JPMorgan raised its price target for Dell Technologies to $280 [1] from a previous target of $205 [2].
The move signals growing confidence in the hardware sector's ability to capitalize on the artificial intelligence boom. As enterprises shift toward AI-integrated infrastructure, the ability of server manufacturers to manage component costs and scale production becomes a critical indicator of market health.
JPMorgan maintained an Overweight rating [3] for the company. The firm said the adjustment follows a shift in the economic landscape for hardware components, specifically noting that memory-cost headwinds have eased [1]. This reduction in cost pressure allows for better margins as the company expands its footprint in the high-growth AI sector.
Analysts at the firm said the performance of Dell's AI server franchise is a highlight.
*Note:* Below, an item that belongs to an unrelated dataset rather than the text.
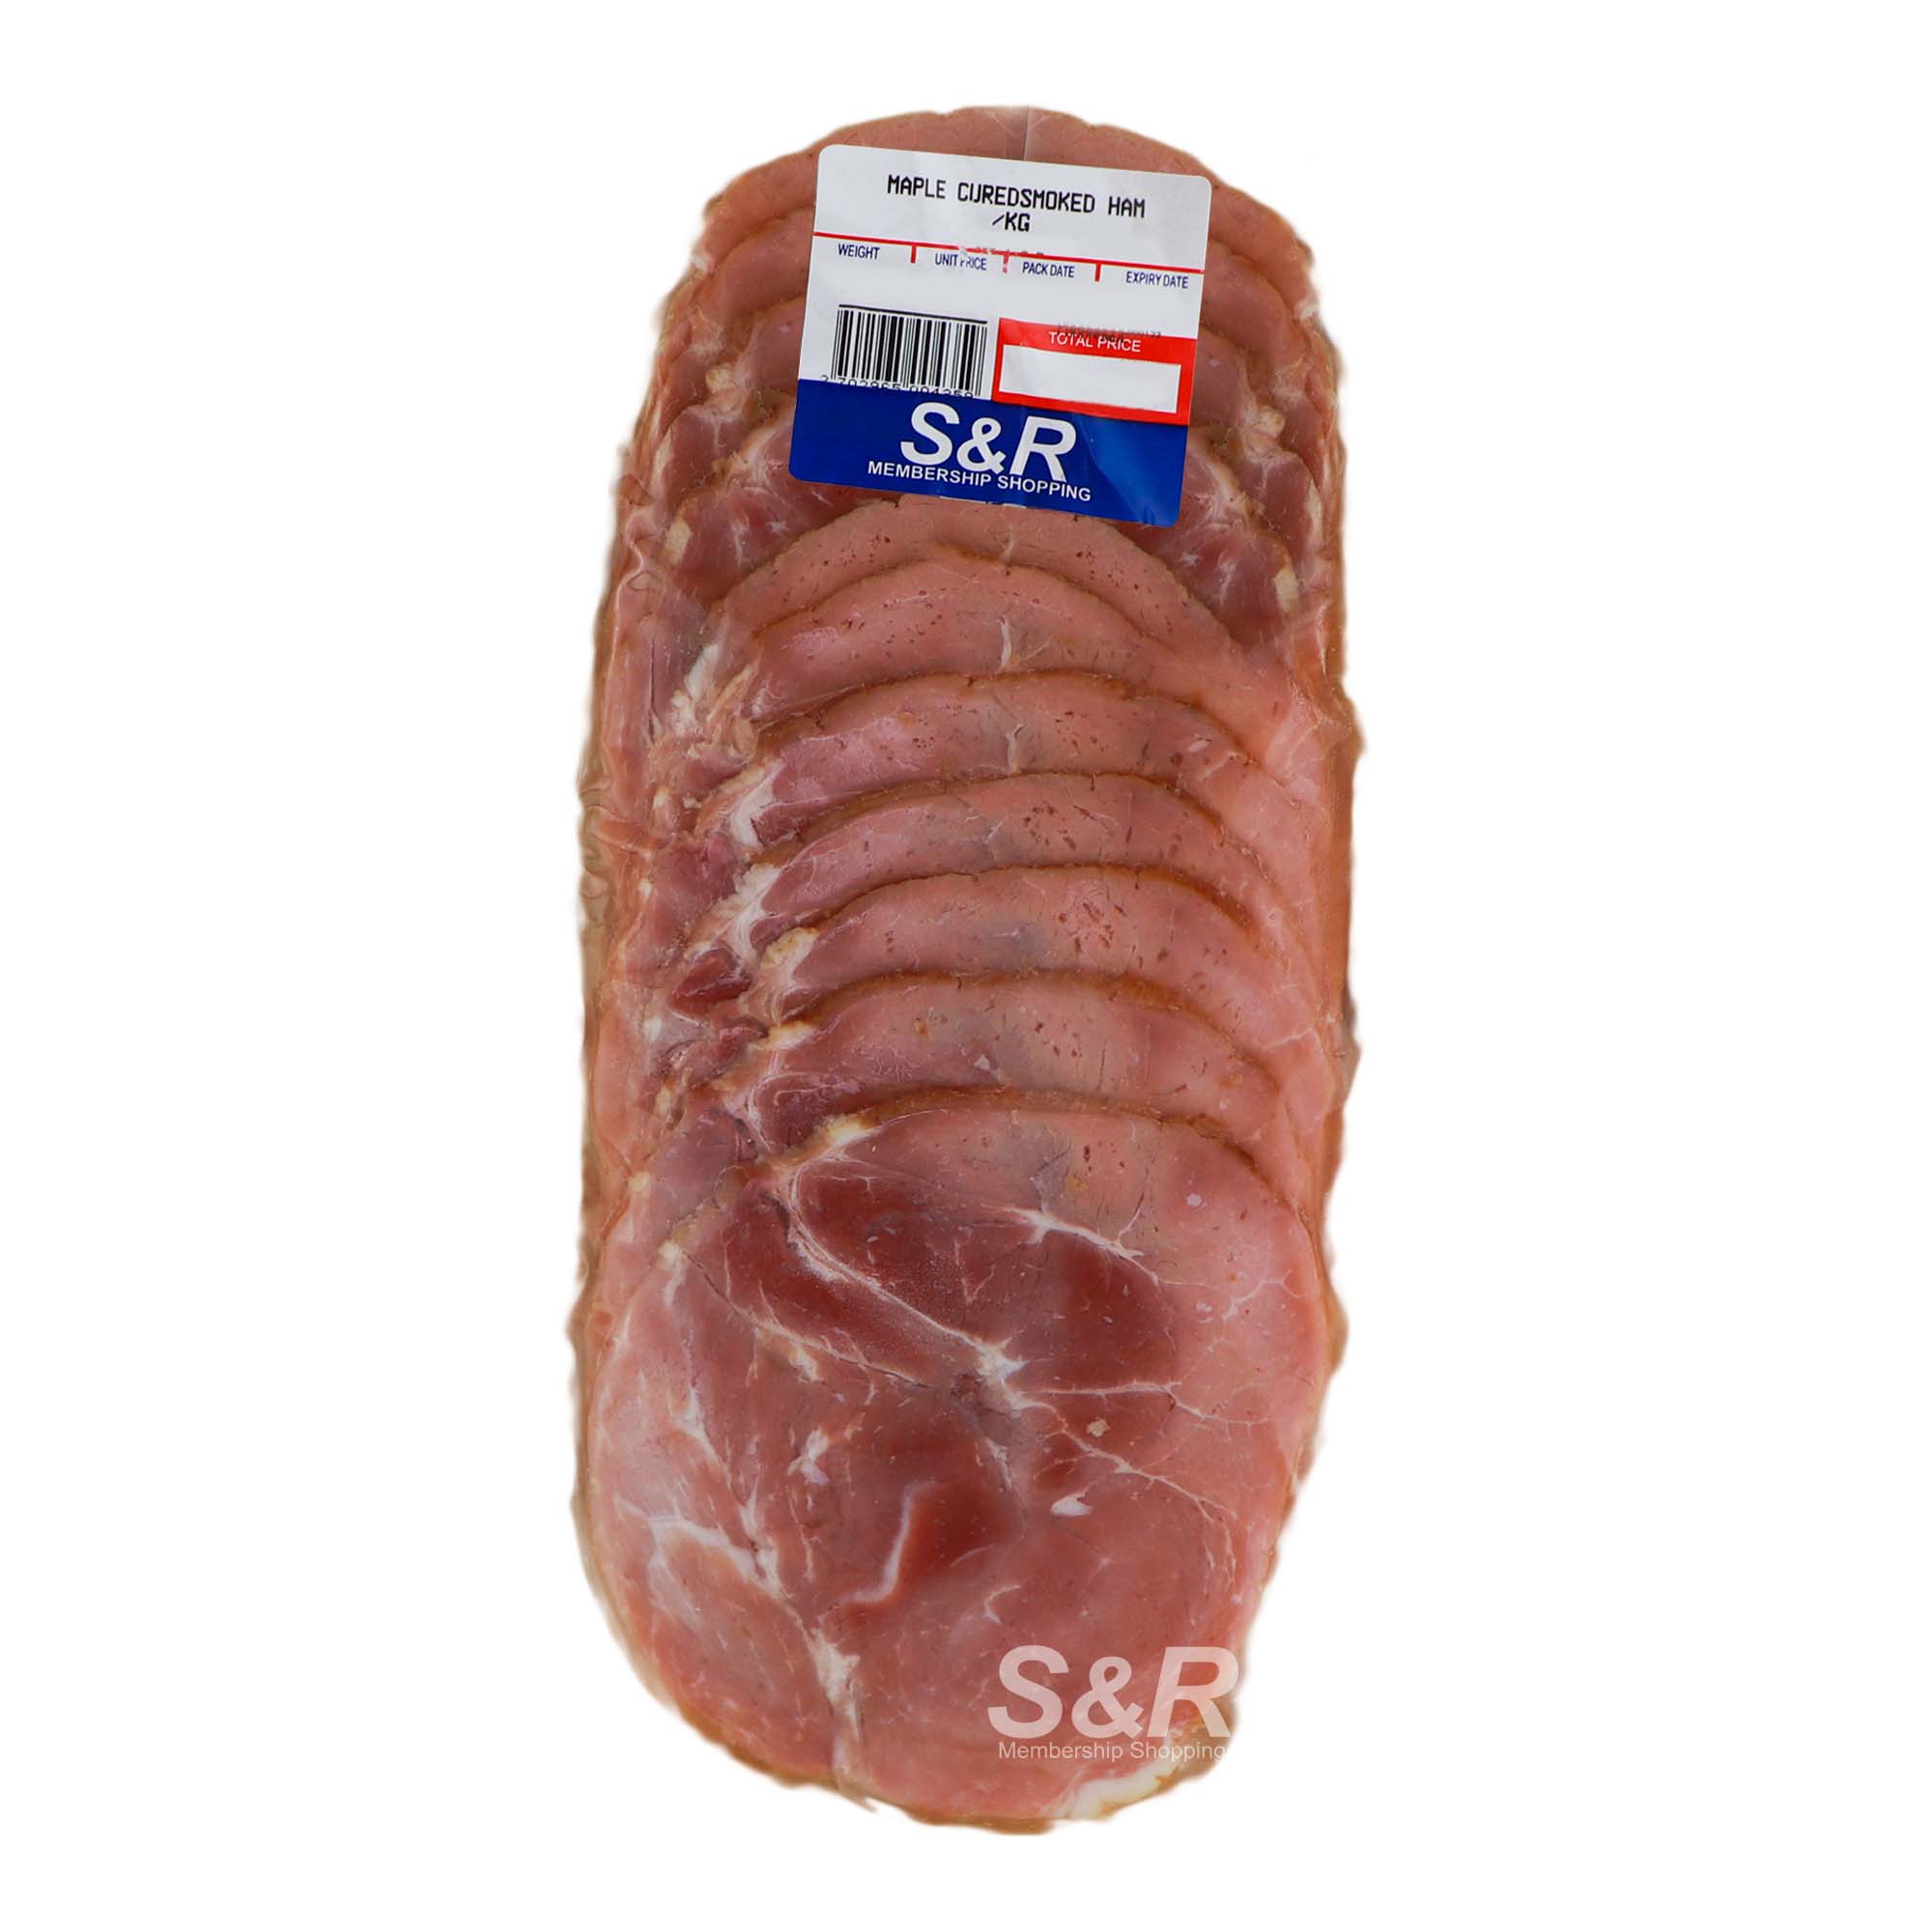 S&R Maple Cured Smoked Ham approx. 450g

The research indicates that the franchise continues to scale [1], reflecting a steady increase in demand for the specialized hardware required to run large-scale AI models.
This bullish outlook comes as Wall Street monitors the broader trend of AI infrastructure spending. The shift from general-purpose servers to AI-optimized hardware represents a significant transition in how data centers are built and managed, a transition that JPMorgan believes Dell is well-positioned to lead.
By increasing the target price by $75 [1, 2], the firm suggests that the previous valuation did not fully account for the current trajectory of AI server adoption or the stabilization of the memory market.
“JPMorgan raised its price target for Dell Technologies to $280”
This price target hike reflects a broader market shift where AI-driven demand is now outweighing the volatility of component pricing. By focusing on the 'scaling' of the AI server franchise, JPMorgan is signaling that the initial hype phase of AI has transitioned into a tangible procurement phase, where hardware providers can realize sustained growth through infrastructure deployment.